From: Liu, Ming (Ming) <mi...@esgyn.cn>
Sent: Wednesday, June 6, 2018 5:40 AM
To: user@trafodion.apache.org; dev@trafodion.apache.org
Subject: RE: Upsert on part of columns get traf_merge which cause the performance not good

hi, Yuan,

You can check a discussion on this at https://lists.apache.org/list.html?user@trafodion.apache.org:2016-03, search for 'upsert semantics' topic.
Default mode should be MERGE as discussed, it was decided that.

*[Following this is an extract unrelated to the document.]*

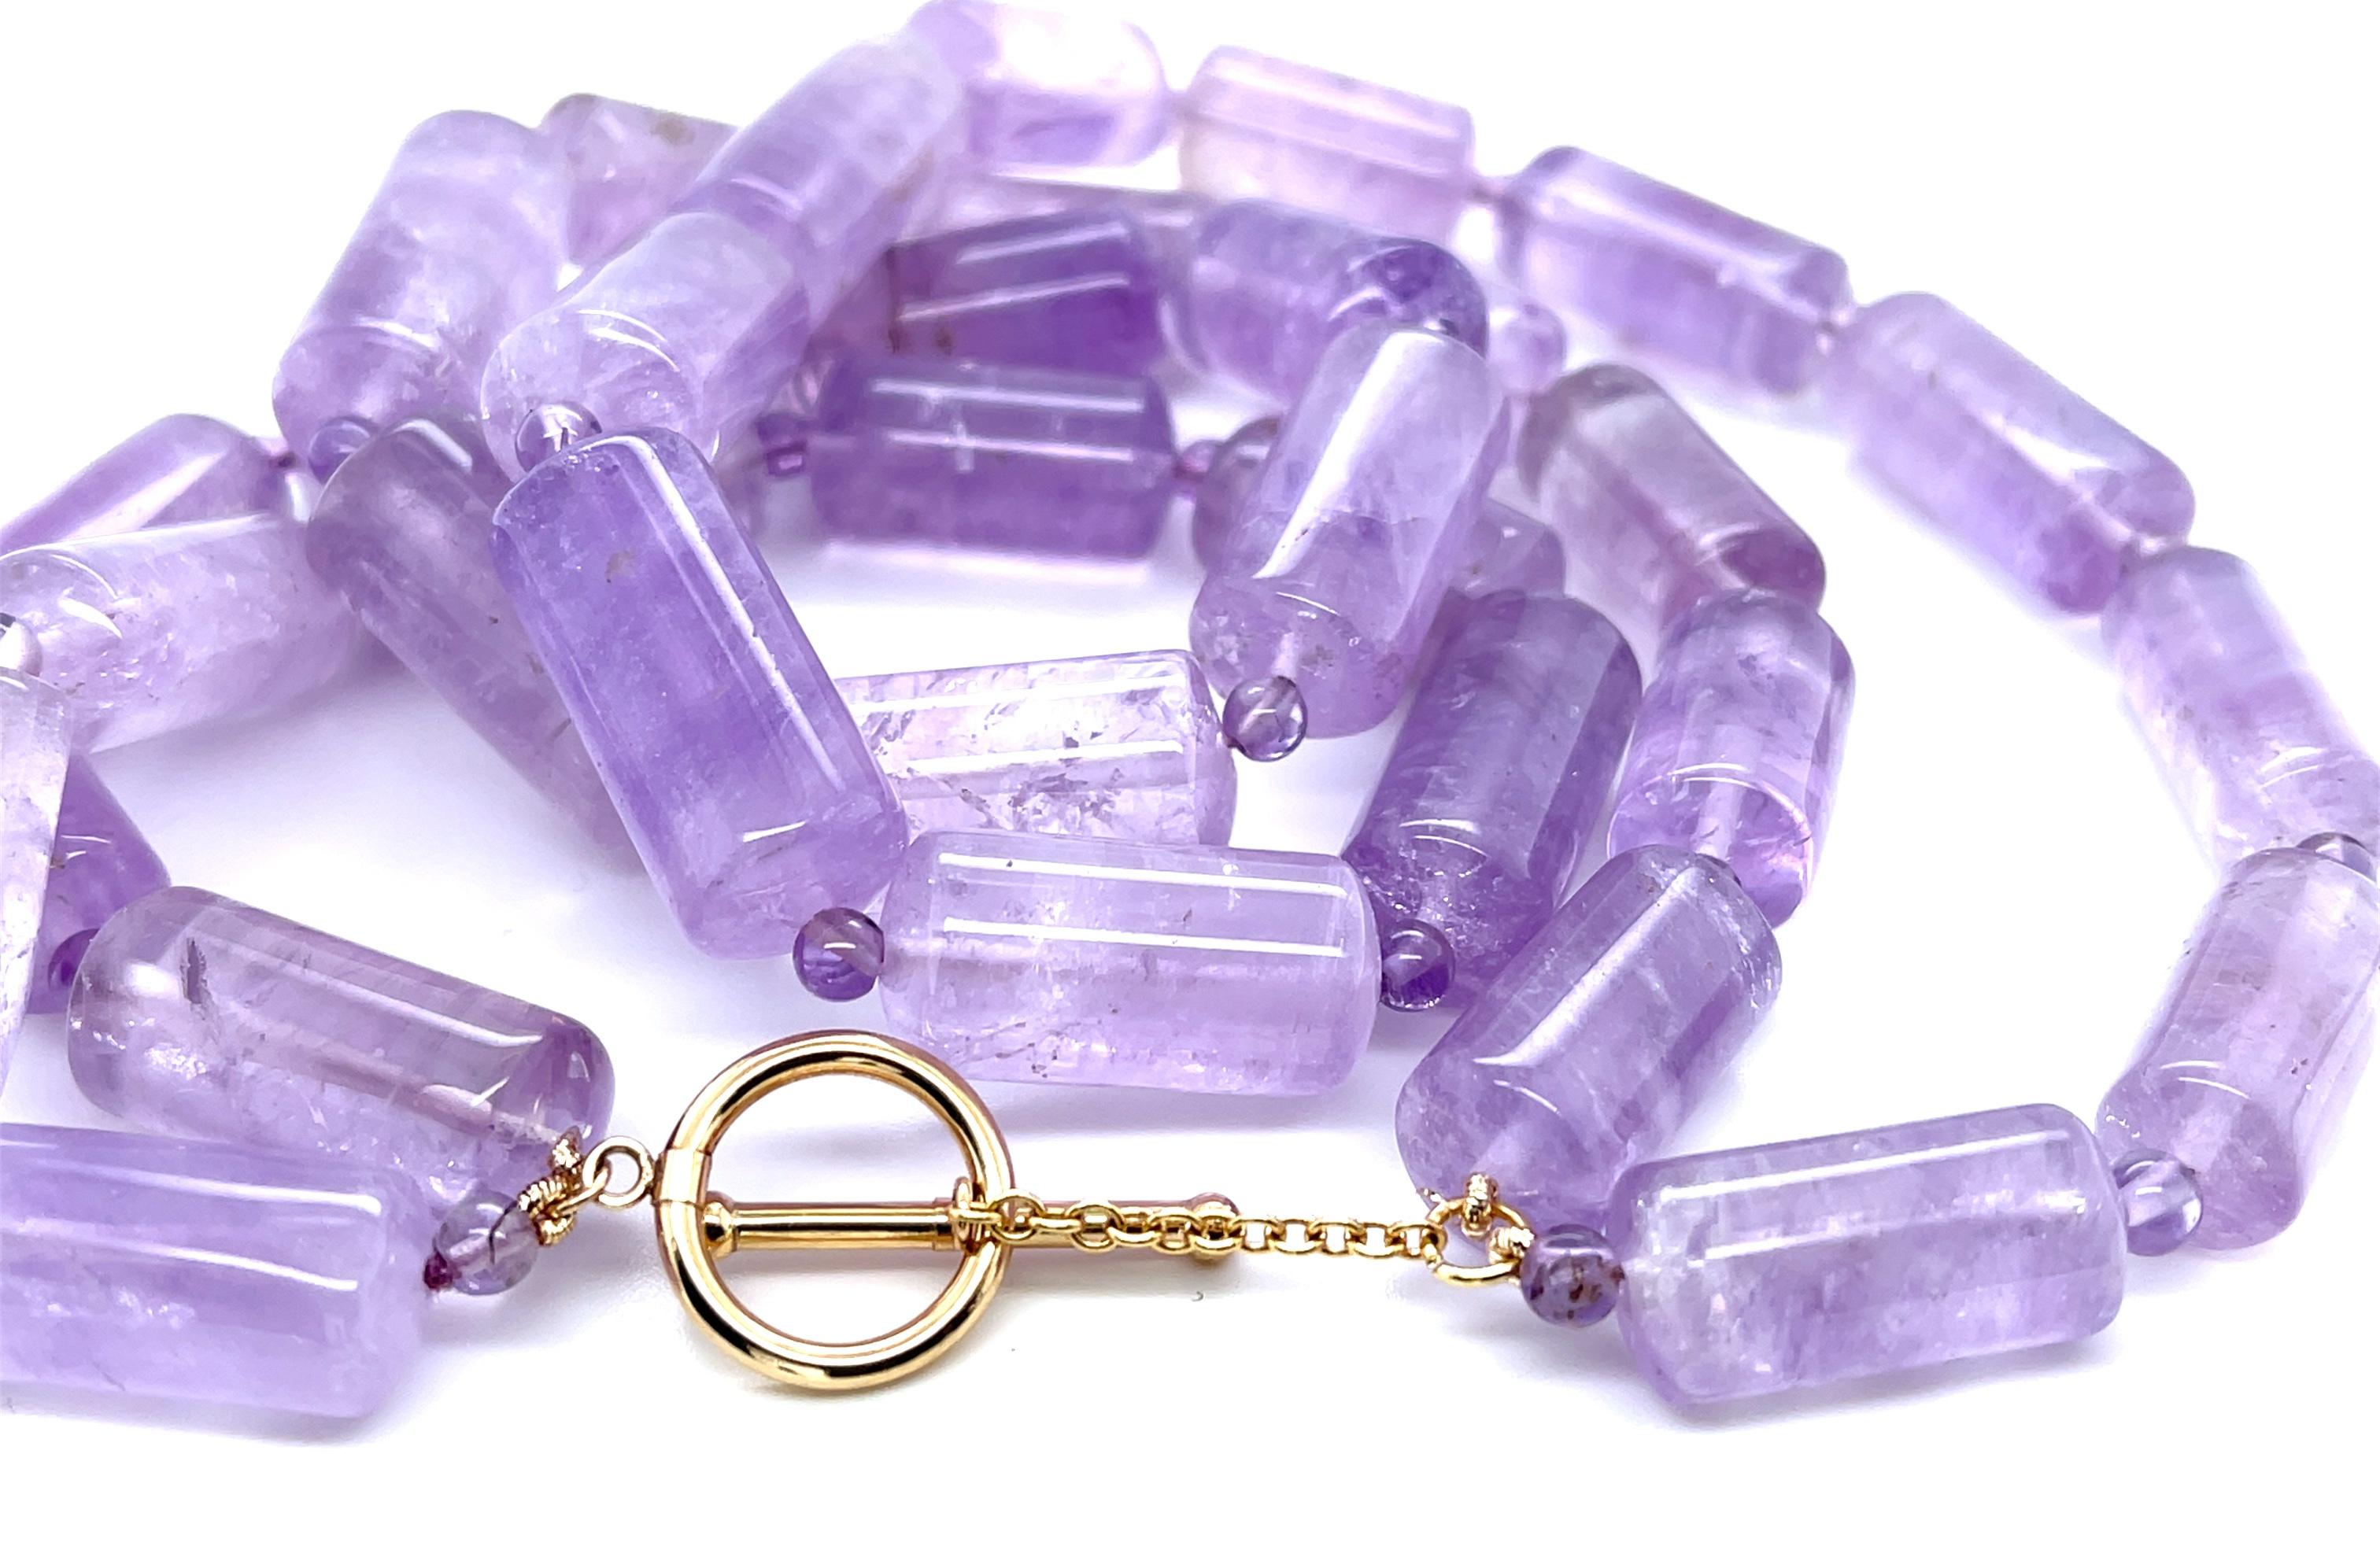 Bead Rose de France Amethyst Cylinder Necklace, Double Strand with 14k Yellow Gold

Correct behavior is more important than peformance.
I think you can create Non-Aligned format table, if the table is very frequently updated, it will be slower for read queries though.

Others may have better answer here

thanks,
Ming

From: Liu, Yuan (Yuan) <yu...@esgyn.cn>>
Sent: Wednesday, June 06, 2018 3:33 PM
To: dev@trafodion.apache.org<ma...@trafodion.apache.org>; user@trafodion.apache.org<ma...@trafodion.apache.org>
Subject: Upsert on part of columns get traf_merge which cause the performance not good

Hi Trafodioneers,

In many cases, we find that "UPDATE" is not that efficient, so sometimes we rewrite the "UPDATE" as "UPSERT".

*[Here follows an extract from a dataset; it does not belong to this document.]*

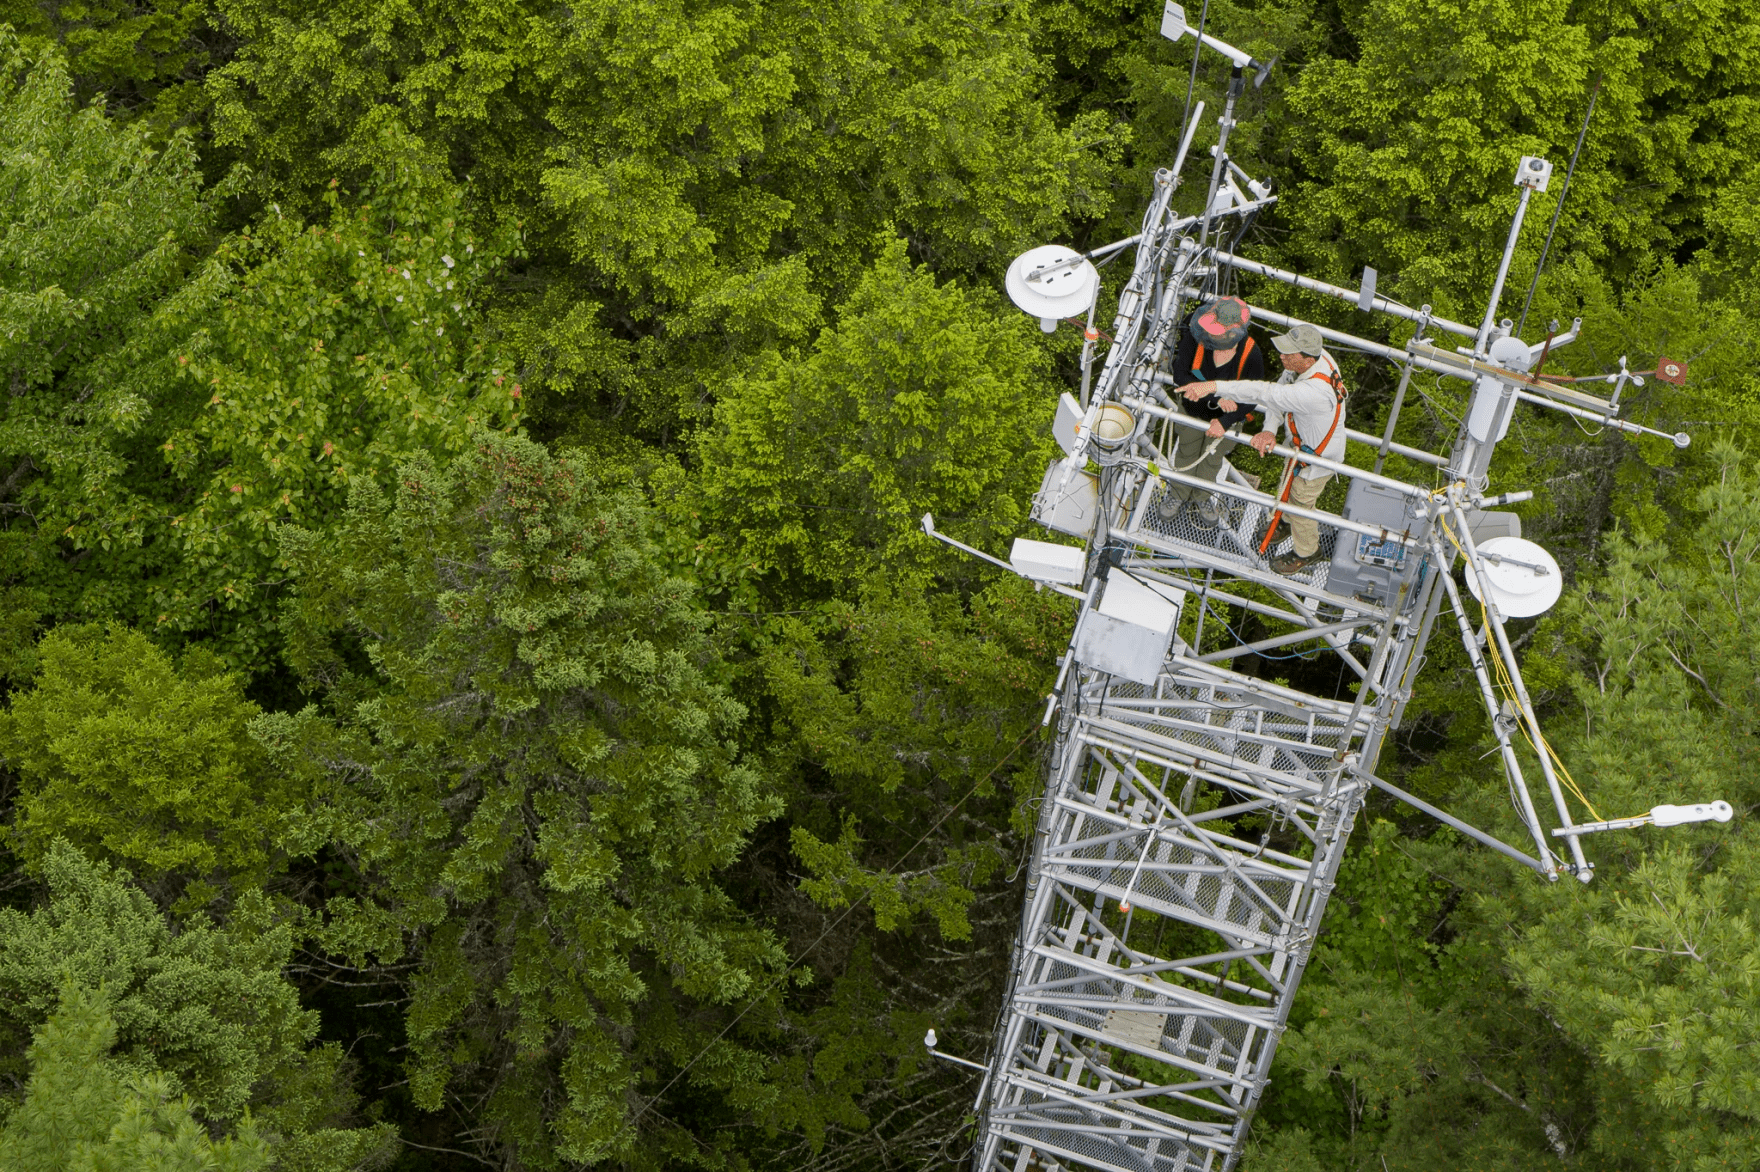 John Lee (right), a University of Maine research associate who manages the Howland Research Forest, at the top of its main research tower with Maine Public's Susan Sharon. (Courtesy Kris Bridges)

However, if we only write part of columns in upsert, the query plan will get "TRAF_MERGE", which is still not efficient.

Only if we write all the columns in upsert, the query plan can get good query plan, such as VSBB_UPSERT.

If table has hundrends of columns, this is very complex for users.

It is possible that upsert choose "TRAF_REPLACE" by default, at the same time, we keep the values which are not in upsert?


Best regards,
Yuan


RE: Upsert on part of columns get traf_merge which cause the performance not good

Posted by Selva Govindarajan <se...@esgyn.com>.
The row that is being updated could have the non-default column value for the default column.  The update may not choose this column. In that case, TRAF_REPLACE would blindly replace these columns with the default value. It becomes worse if the default column is a timestamp with current_timestamp as default.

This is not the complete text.